Awards, diplomas and certificates will replace the present qualifications jungle, Joe Clancy reports

A radically different unit-based system of vocational qualifications to replace the 4,000-plus already in existence became a step closer this week.

The last in a series of seven regional roadshows to promote the planned Framework for Achievement (FfA) was held in London and Manchester.

Now a three-tier system of adult qualifications based on awards, certificates and diplomas is being prepared for January.

A "unit data bank" is to be established, in which learners can store units of credit to use as building blocks of qualifications.

A target date of 2010 has been set for the new system to replace the existing National Qualifications Framework (NQF), which includes national vocational qualifications and Business and Technology Education Council (Btec) awards. The consultation on the new framework concludes at the end of this month, and a report is due to go to skills minister Ivan Lewis in April.

Further discussions on the detail are then scheduled until July. The Qualifications and Curriculum Authority and the Learning and Skills Council, who are preparing the framework, will conduct the talks.

It is then intended to publish the full specifications and procedures in September, with the FfA becoming "open for business" early next year.

It is also planned to align the framework with the Tomlinson proposals to provide a route into the adult framework from the 14 to 19 phase.

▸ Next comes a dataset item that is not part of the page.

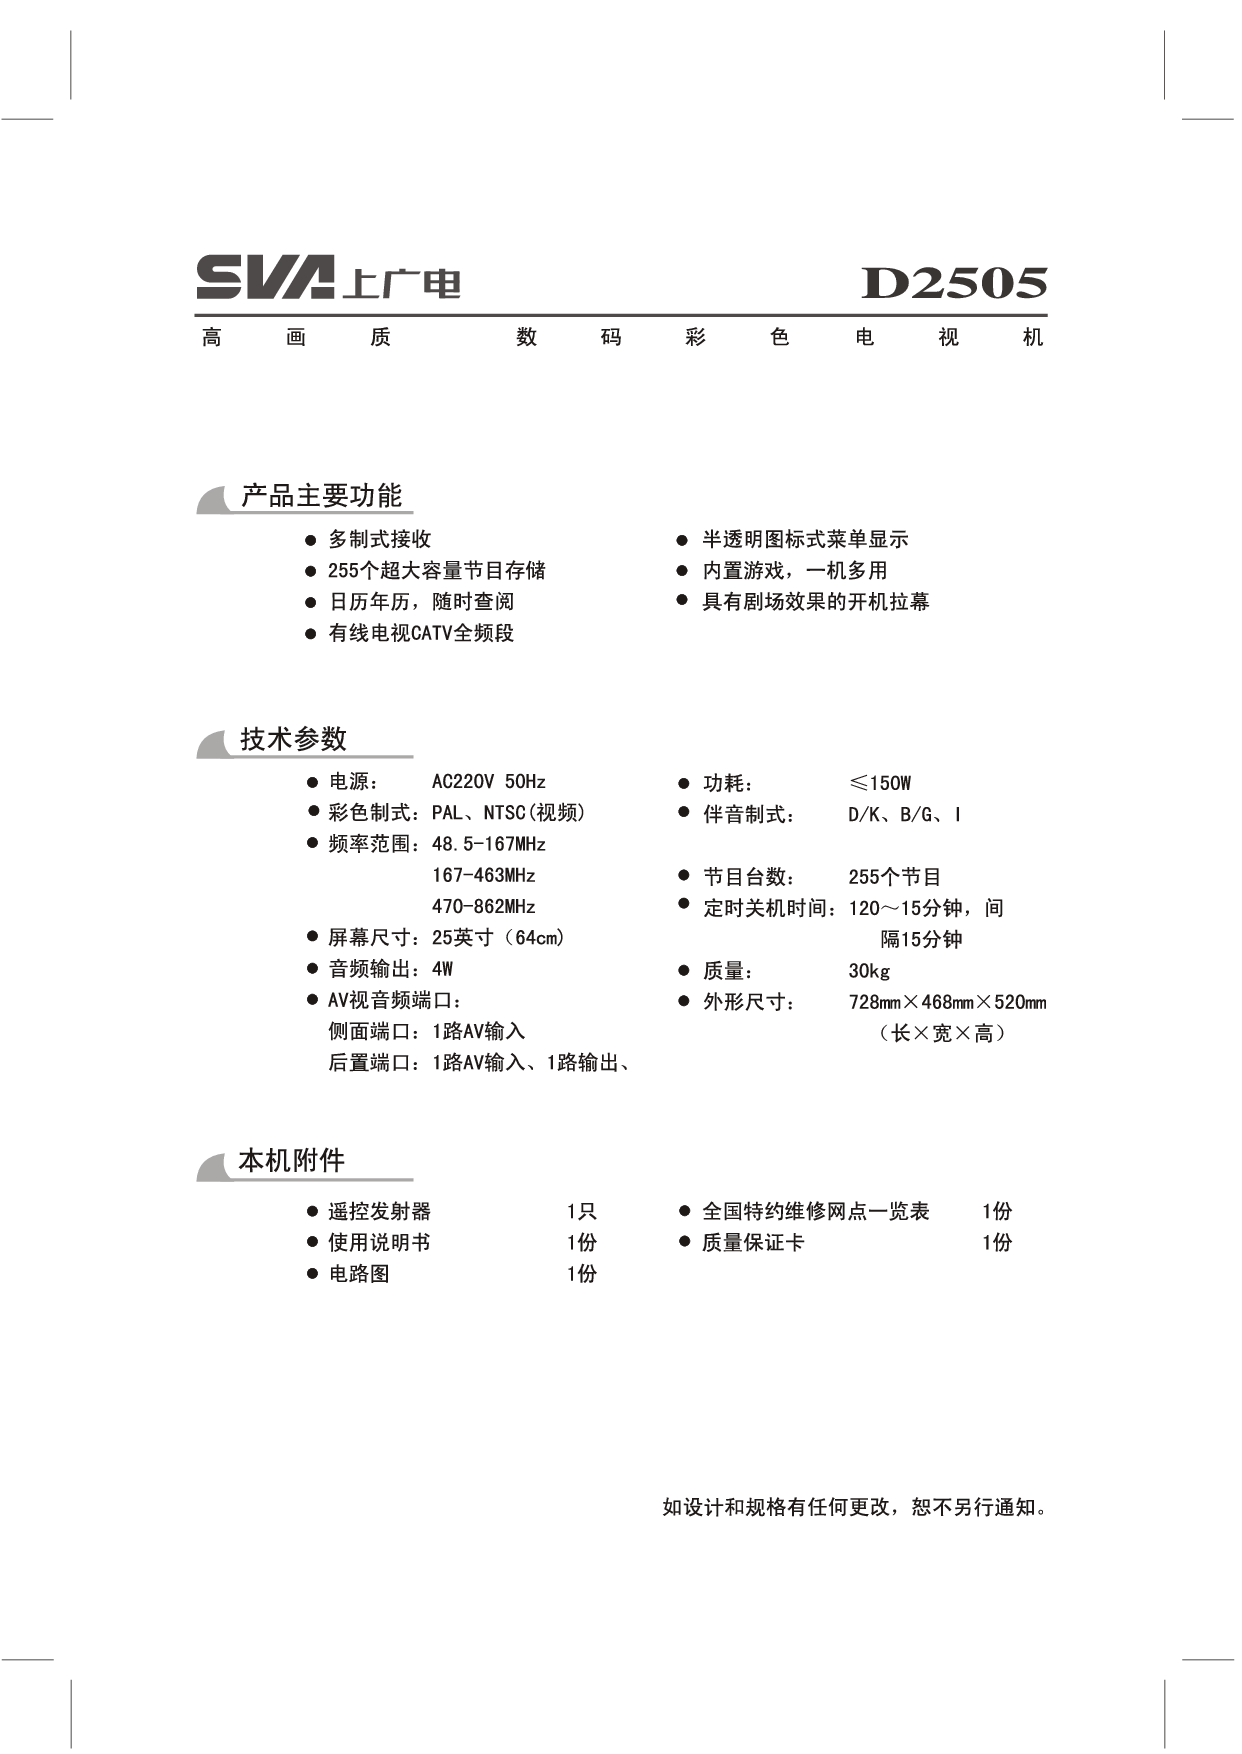 上广电 SVA D2505 使用说明书 封面

Janet Ryland, from the Learning and Skills Council's national office, speaking at the London roadshow, said: "It would be wrong to second-guess how our system might articulate with the Tomlinson proposals."

Vivien Cutler, executive director of London East LSC, said: "It is a radical approach that has been sought for some time.

"We are trying to raise awareness of what the FfA will be like so people are clear that it is not going to be a replica of the NQF."

The QCA is consulting employers, higher education institutions, awarding bodies, and sector skills councils for their views on how the new framework should work, she added.

"If everyone is signed up to this framework, it will enjoy greater esteem because everyone will have a shared understanding, and more people will be able to get credit for achievement."

Advantages of the FfA are that students' achievements will be recognised even if they do not complete a course.

"Many small businesses cannot afford to let their employees out to obtain whole qualifications, but are happy to let them take bite-sized pieces," she said, adding: "It is vital that we upskill our workforce."

Nick Juba, programme leader on the FfA project for the QCA, told delegates at the road show that the existing "qualifications jungle" is very difficult for employers and learners to navigate.

The current framework is "too complicated, too inflexible, too bureaucratic, and recognises a narrow range of achievements", he said.

"We are all too aware that industry spends pound;25 billion a year on training, a lot of which is not recognised," he added.

He said each unit must be capable of standing alone, as well as forming the heart of at least one qualification, but also opportunities to progress under rules of combination to a range of qualifications.

He suggested awards, certificates and diplomas as possible titles for the qualifications, with awards being the lowest and diplomas being equivalent to A-level. "We want a stable framework understood by everyone to include all qualifications for adults and all vocational qualifications outside higher education, under which all awarding bodies will have to recognise each other's units," he said.

The system would need "to articulate" with frameworks being developed in Scotland, Wales, Northern Ireland and Europe.

Mark Haysom, chief executive of the LSC, said: "Millions of people follow thousands of qualifications and courses across the country, so we really need a way to understand the relative value of what they achieve.

"This is very exciting, but also very challenging. To make it work, we need a framework, which is universally agreed. That means working closely with everyone involved in post-16 education and training to make the most of this opportunity."